Also published on this date: Shelf Awareness for Wednesday, September 4, 2013

Wednesday, September 4, 2013: Maximum Shelf: The Lion Seeker


Houghton Mifflin Harcourt: The Lion Seeker by Kenneth Bonert

Houghton Mifflin Harcourt: The Lion Seeker by Kenneth Bonert

Houghton Mifflin Harcourt: The Lion Seeker by Kenneth Bonert

Houghton Mifflin Harcourt: The Lion Seeker by Kenneth Bonert

The Lion Seeker

by Kenneth Bonert

The epigraph to Kenneth Bonert's bold, ambitious debut novel, The Lion Seeker, comes from an 1884 report from Lithuania published in HaMelitz, a Hebrew journal. It describes a traveller going to South Africa "from our land, tired and weary of the oppressor." In Africa "he breathes a new life, a life of freedom and liberty, a life of wealth and honour." Here there is "no discrimination between a Hebrew and a Christian.... Every man can attend to his labours diligently and find a just reward for his toil." Perhaps.

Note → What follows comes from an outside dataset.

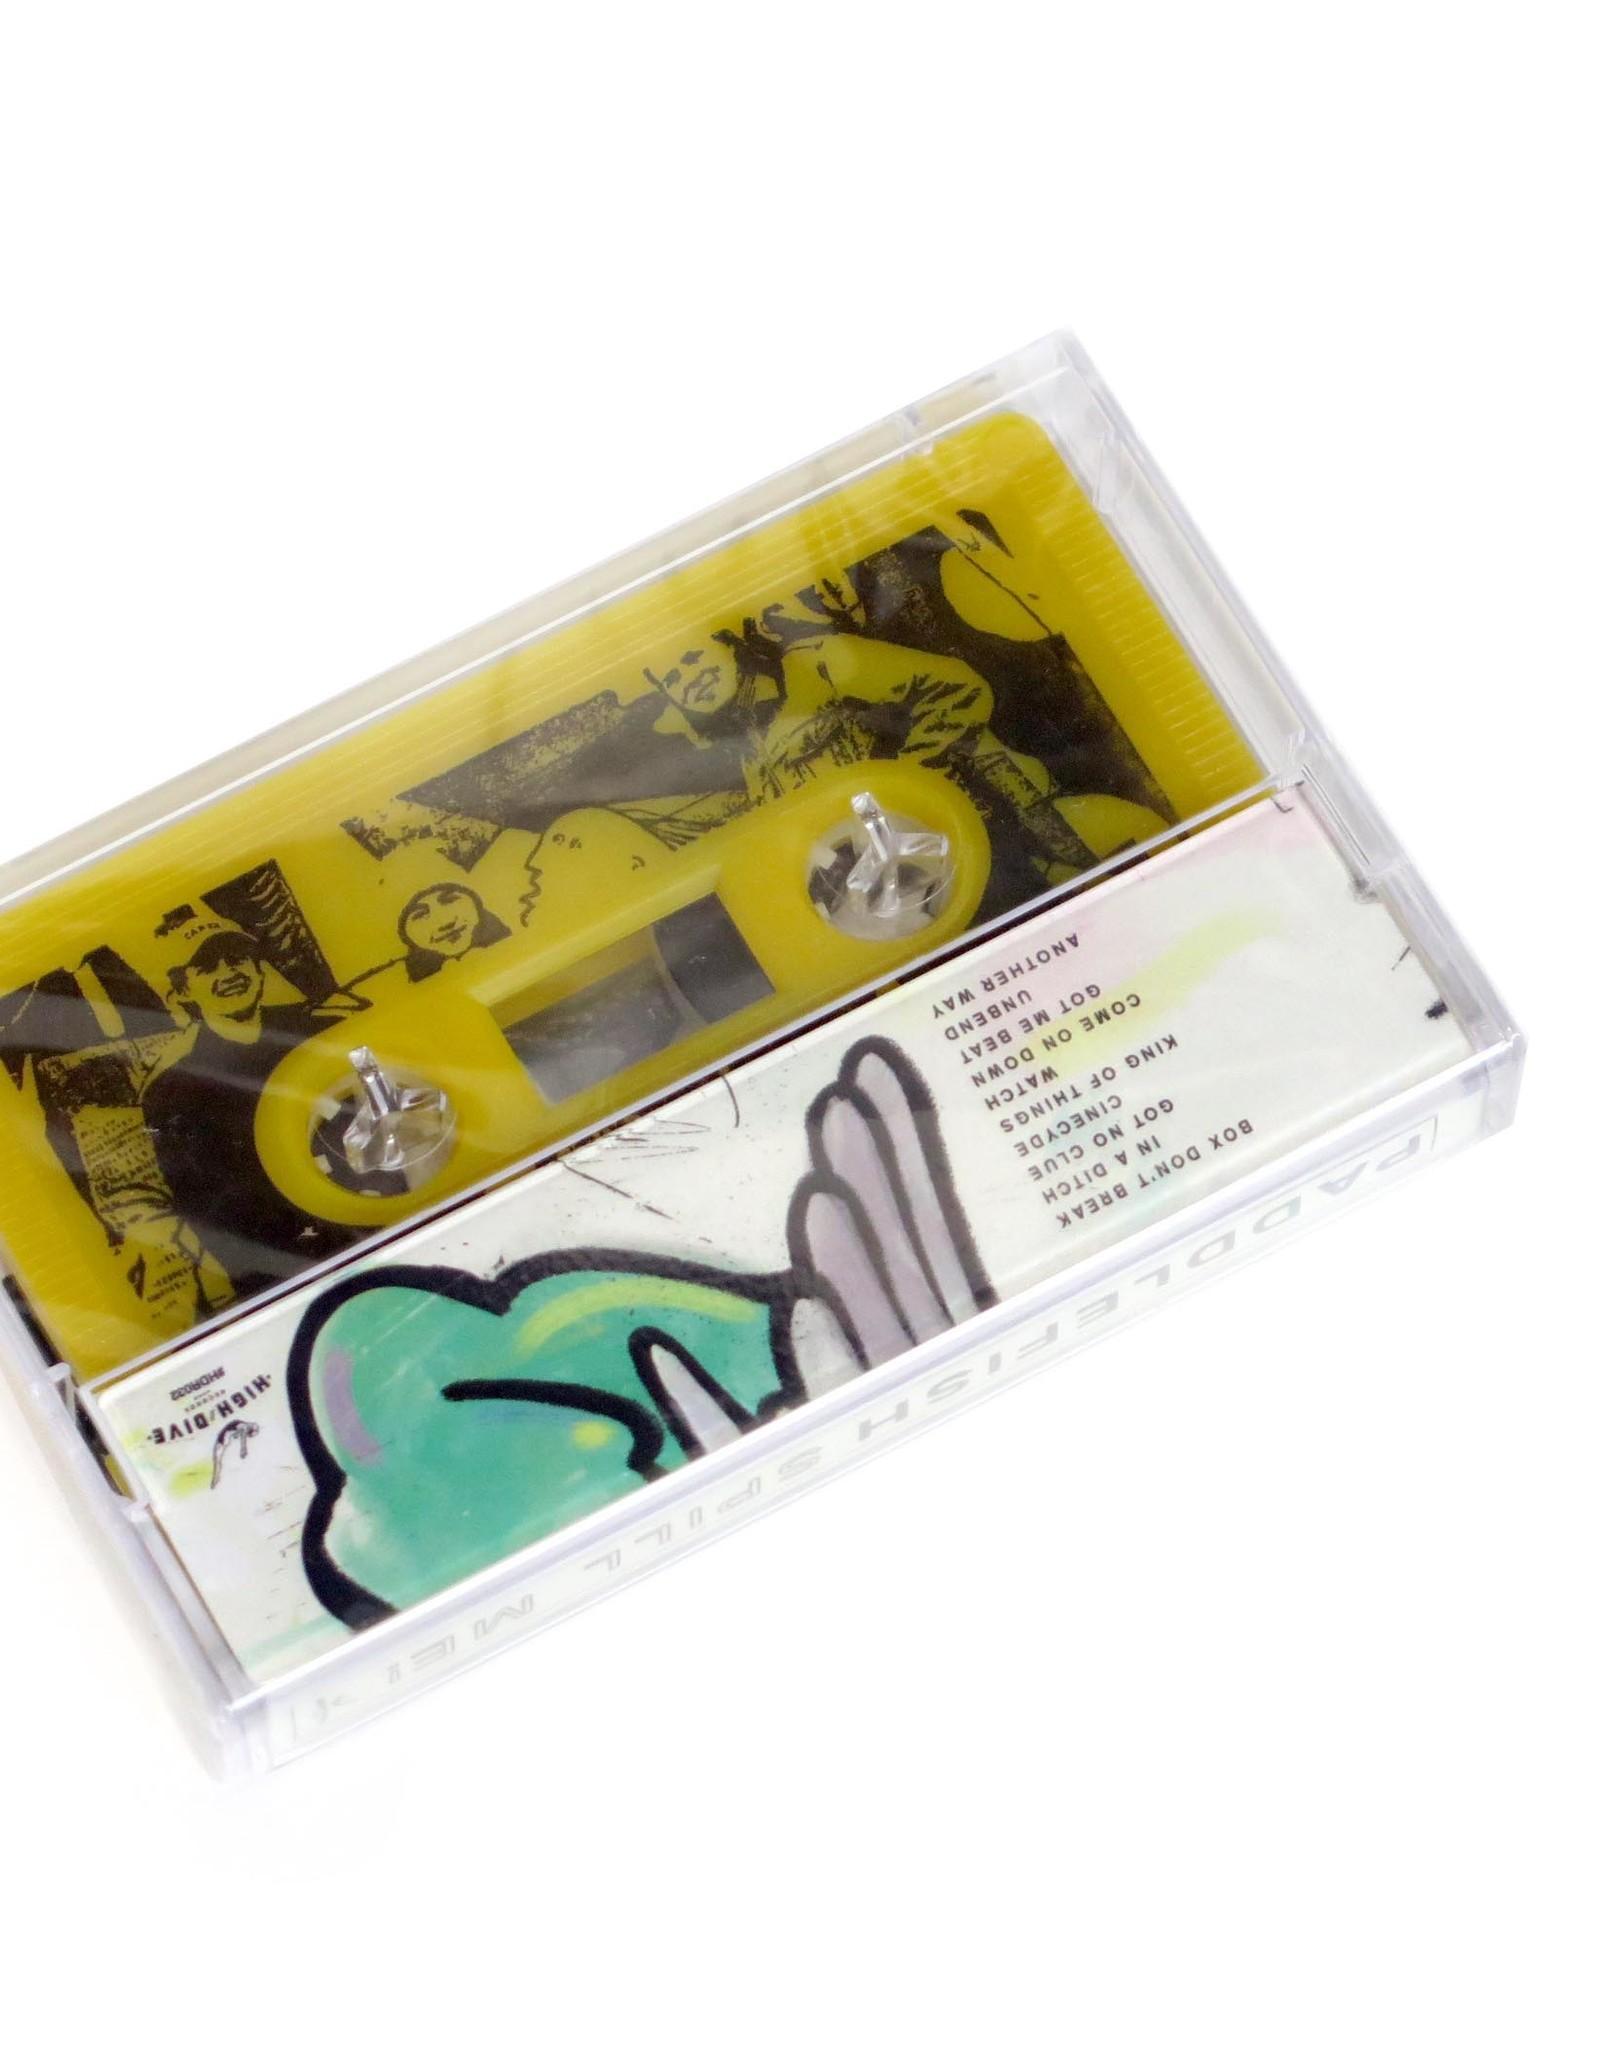 Paddlefish Spill Me! Tape by Paddlefish

The Lion Seeker deals with a mass exodus that few have heard about: in the late 19th and early 20th century, thousands of Jewish Lithuanians emigrated to South Africa in the hope of finding a new life. In Bonert's novel Abel Helger, a Lithuanian Jew from a shtetl in Dusat, arrived in the 1920s. The young man with a scuffling foot set up a modest watchmaking shop in Doornfontein, Afrikaans for "fountain of thorns." Later, his wife, the oddly veiled Gitelle, and their two children, Isaac and his sister, Rively, follow. On the day they left, Rively was quiet, Isaac was squirming. This bright five-year old, red-haired boy "hadn't stopped jerking and kicking from the second he came out of her."

In Cape Town Gitelle saw "human beings burned the color of coal or dark-brewed tea or cured leather." Johannesburg was two hot dry days north, pierced by that "red sun, a madman's glowering eyeball." They arrive at a self-made Jewish ghetto in the "baking dust of the deepest south." Abel has a shiksa girl to help with cleaning, cooking. "Is that what she calls it," Gitelle says; she fires her that afternoon and sets to work.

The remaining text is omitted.